Since the clock skew is having the negative impact on synchronous sequential circuits for the performance point of view, so minimization of skew becomes important task.

On the other hand, as device shrinks in dimension into deep sub micron ranges, the negative bias temperature instability (NBTI) becomes an important concern for long term reliability of circuits.

In PMOS gate oxide electric field accelerates NBTI effect largely which is very sensitive with increase in gate oxide electric field, vertical electric field increases and it speed up hydrogen ions and makes them trapped to form a fixed oxide positive charge. This will induced higher threshold voltage shift resulting in more and more NBTI effect.

The generation of traps and oxide defects is correlated that depends on release of hydrogen species at Si/Sio<sub>2</sub> interface, according to hydrogen release model.



Fig: 1 Schematic representation of the reaction-diffusion (R-D) model.



As a result of above delay characteristics of PMOS transistor will change over time. Delay degradation(induced by NBTI) of a logic gate is linearly proportion to the number of output activities.

Due to clock gating design, a clock gate often has different active probabilities, which leads to different delay degradations. Note that difference in delay degradations of a clock path results in **additional clock skew called aging skew**. Obviously, if the aging skew is too large, the circuit will fail to function at some time later.
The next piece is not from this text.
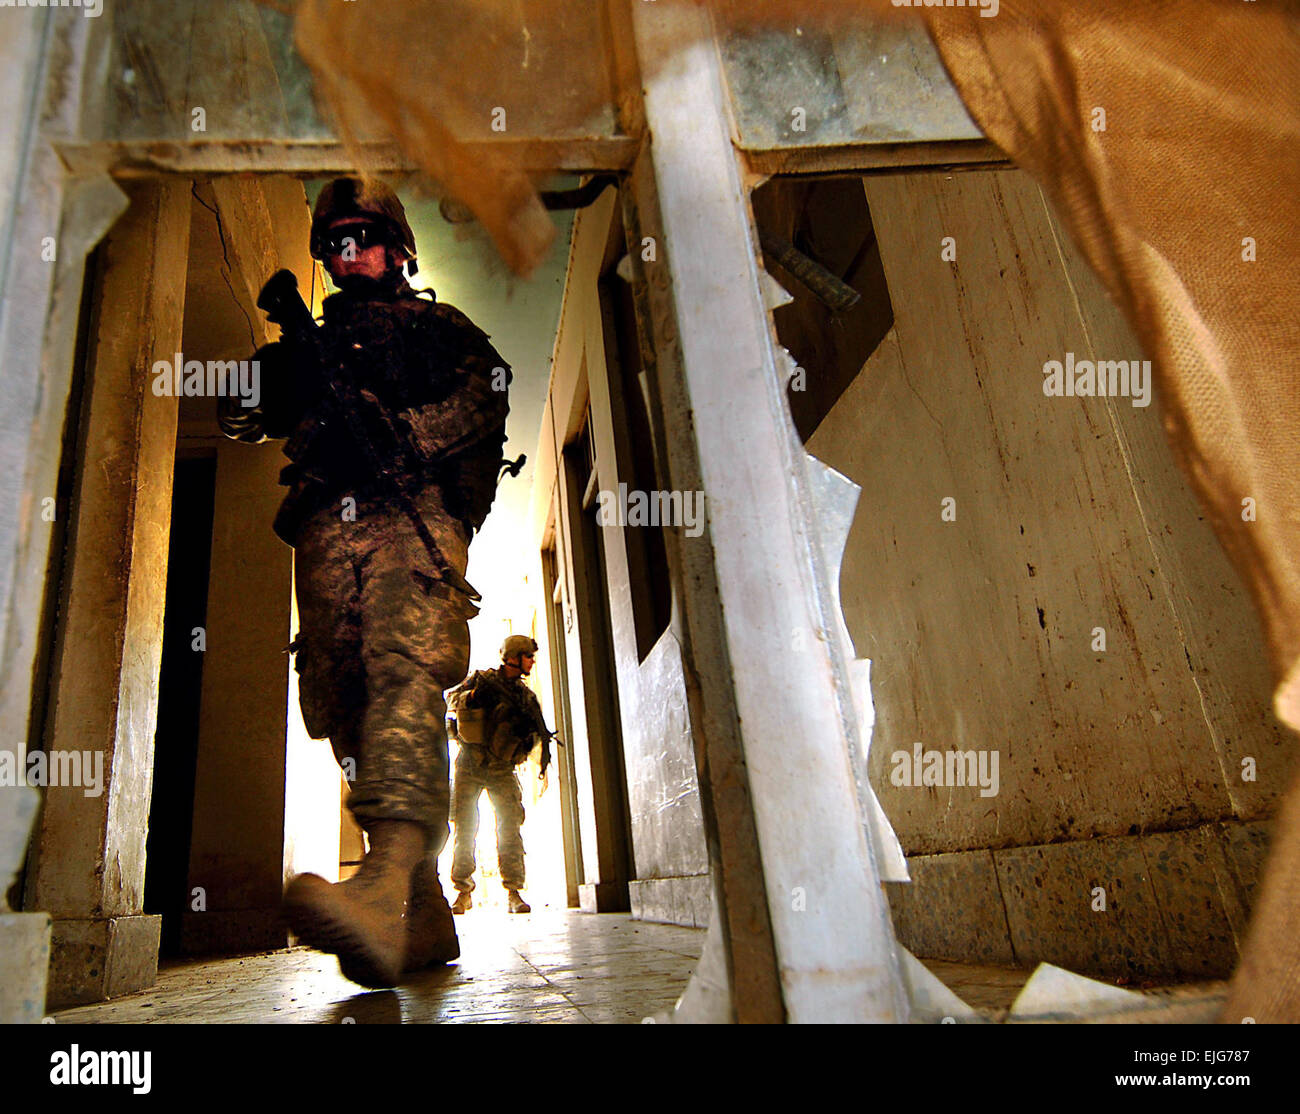 U.S. Army Soldiers search a house during a cordon and knock patrol in the northern section of Nineva in Mosul, Iraq, July 10, 2006. The Soldiers are from 4th Platoon, Charlie Company, 2nd Battalion, 1st Infantry Regiment, 172nd Stryker Brigade Combat Team based out of Fort Wainwright, Alaska.  Tech. Sgt. Jeremy T. Lock.      . Stock Photo

Thus there is great demand of properly control the aging skew.

#### Motivation

Clock distribution remains an important challenge in design of large scale digital chips, a challenge that has grown with technology scaling. Most modern clock distributions are single wire. Meaning that there is a single clock phase is distributed globally although multiple clock phases are of created locally with clock shapers or clock buffer circuits.

The challenge of clock distribution is to distribute the clock simultaneously everywhere (no skew) and periodically everywhere (no jitter) using minimum power and wiring resources providing minimum degradation to circuits.
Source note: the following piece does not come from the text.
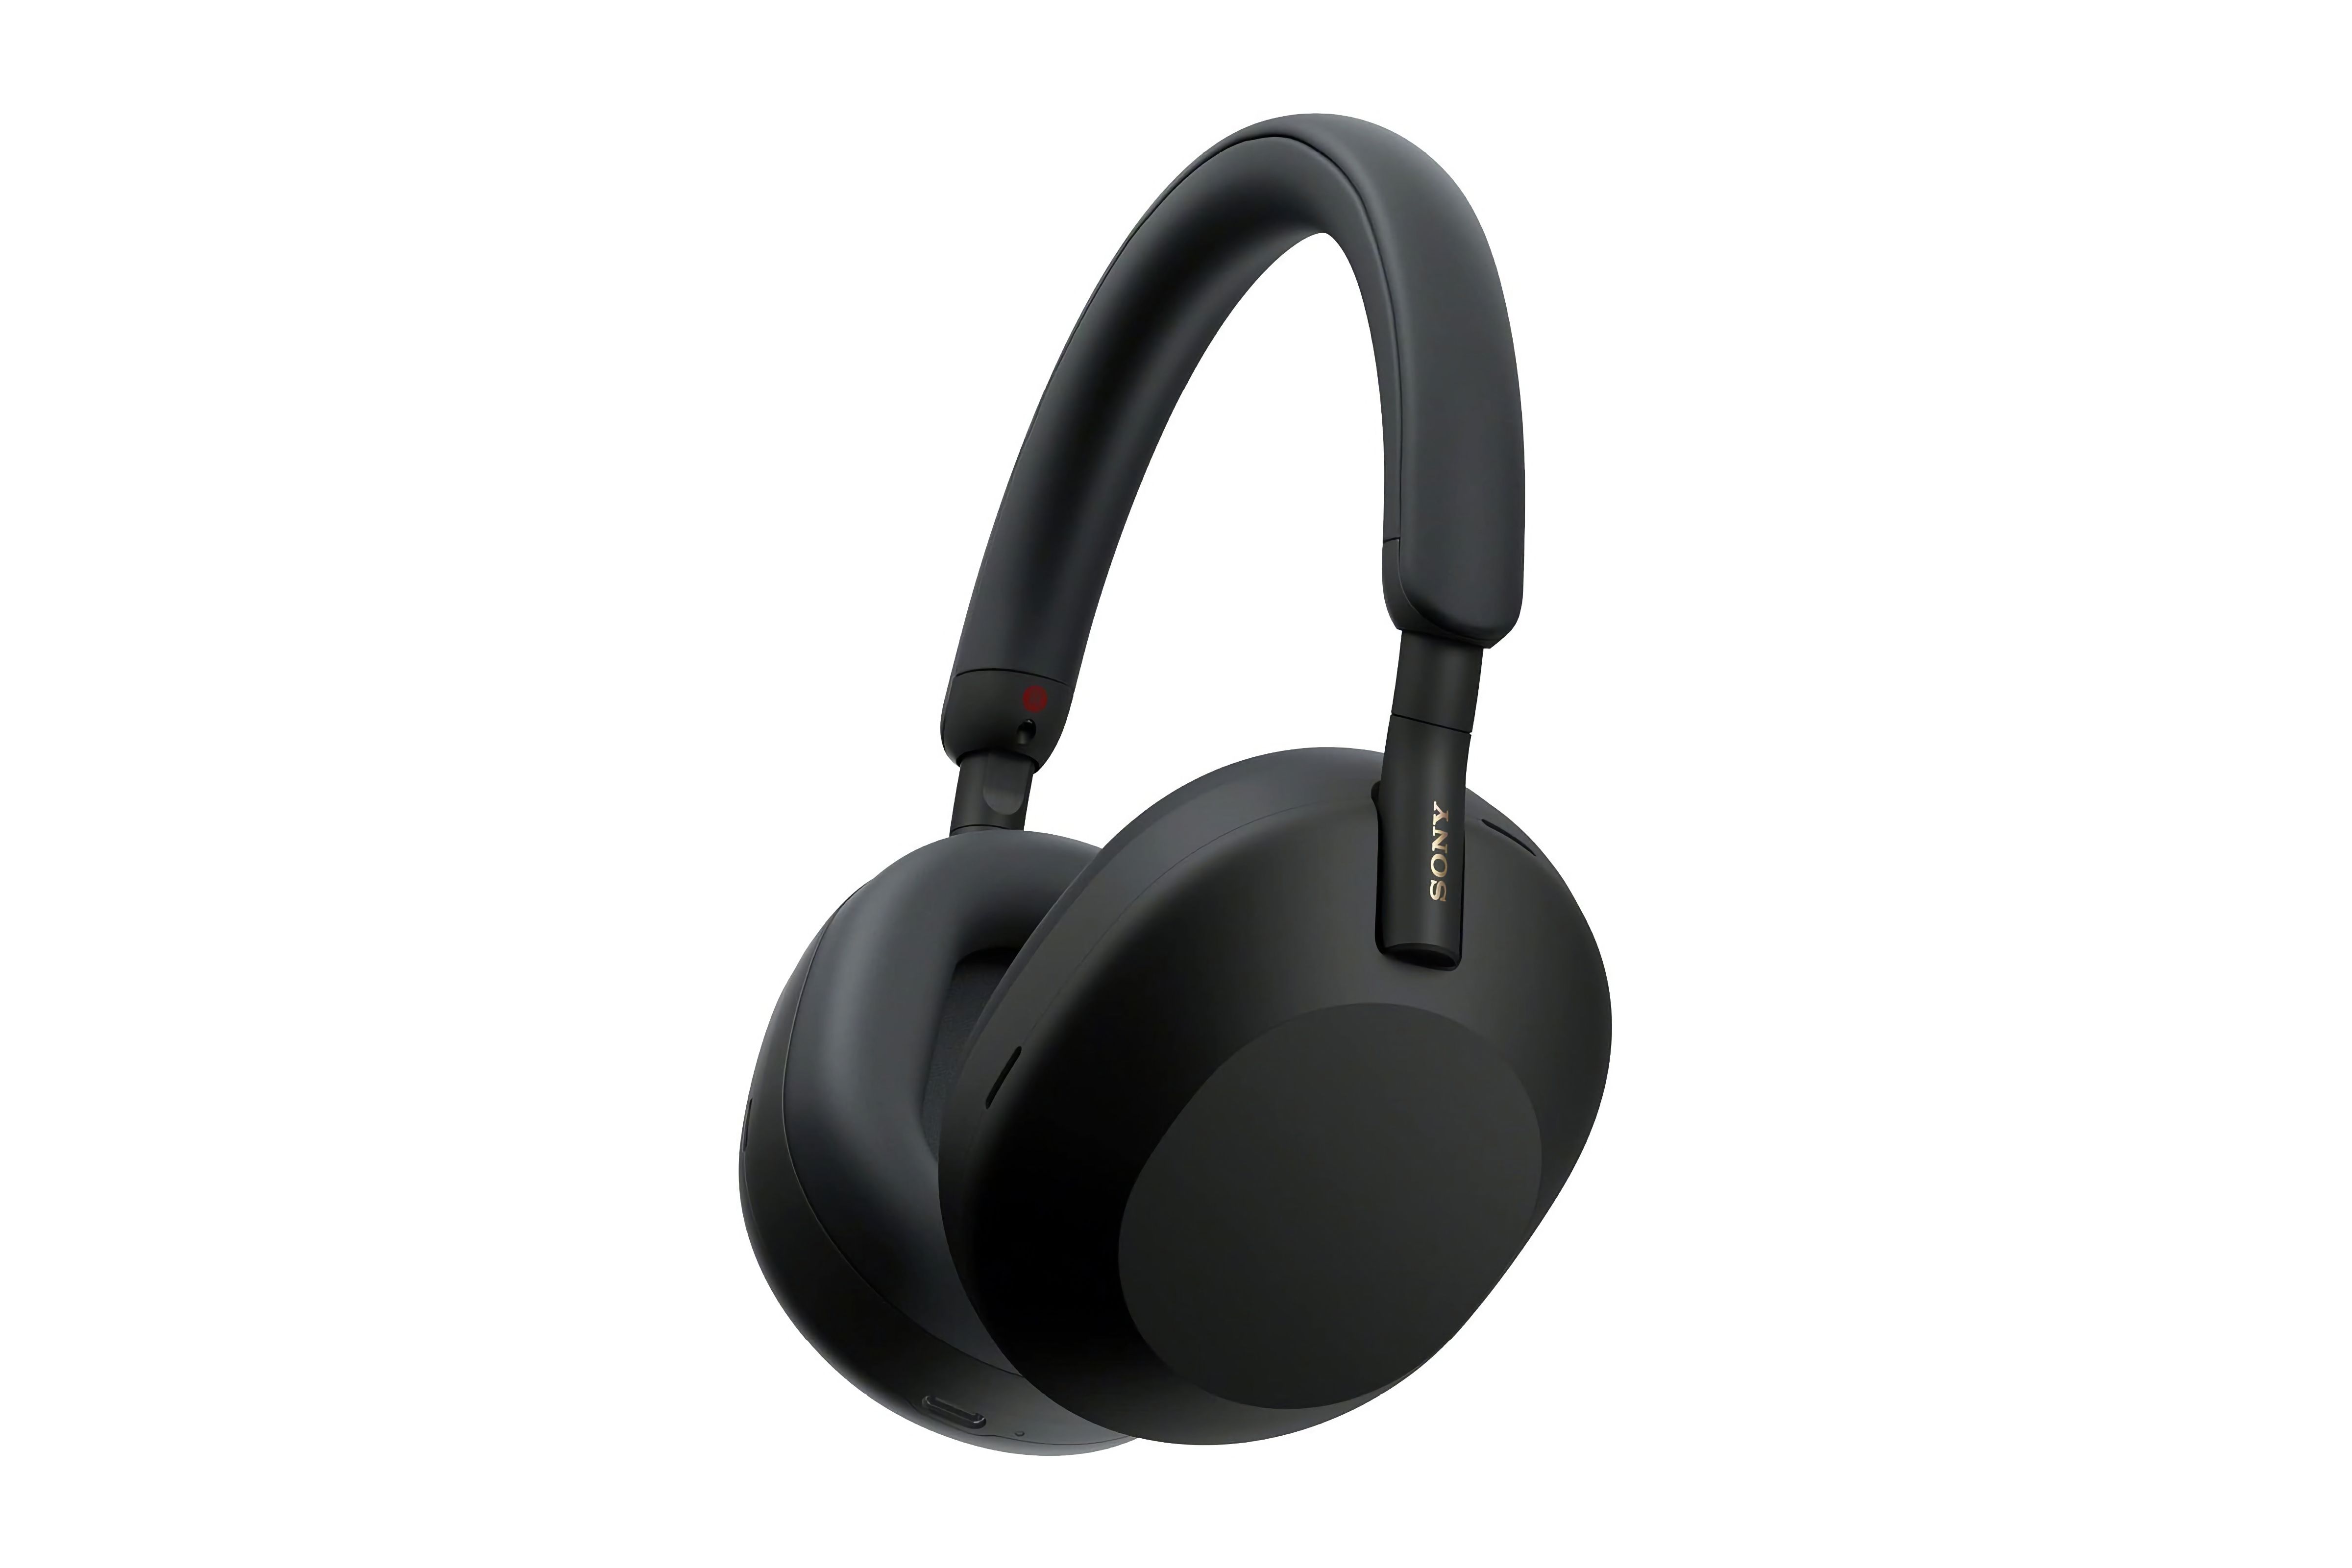 Black Sony over-ear headphones with large round ear cups.

A two phase clocking distribution for digital ICs can be grantee free from clock skew, critical race and other timing problems. It is consisting of two main parts, Notation for signal types and Composition rule legal circuits

Infact the notation and rule dense syntax of clocking correct circuit that can be checked by simulation tools.

#### **Assumptions:**

Clocking disciple rests on three basic assumptions.

- 1. All inputs and initial values are digital
- 2. The system is of two phase and synchronous

3. All logic and wiring delays are positive and bounded. No knowledge of relative delay among circuit path is needed.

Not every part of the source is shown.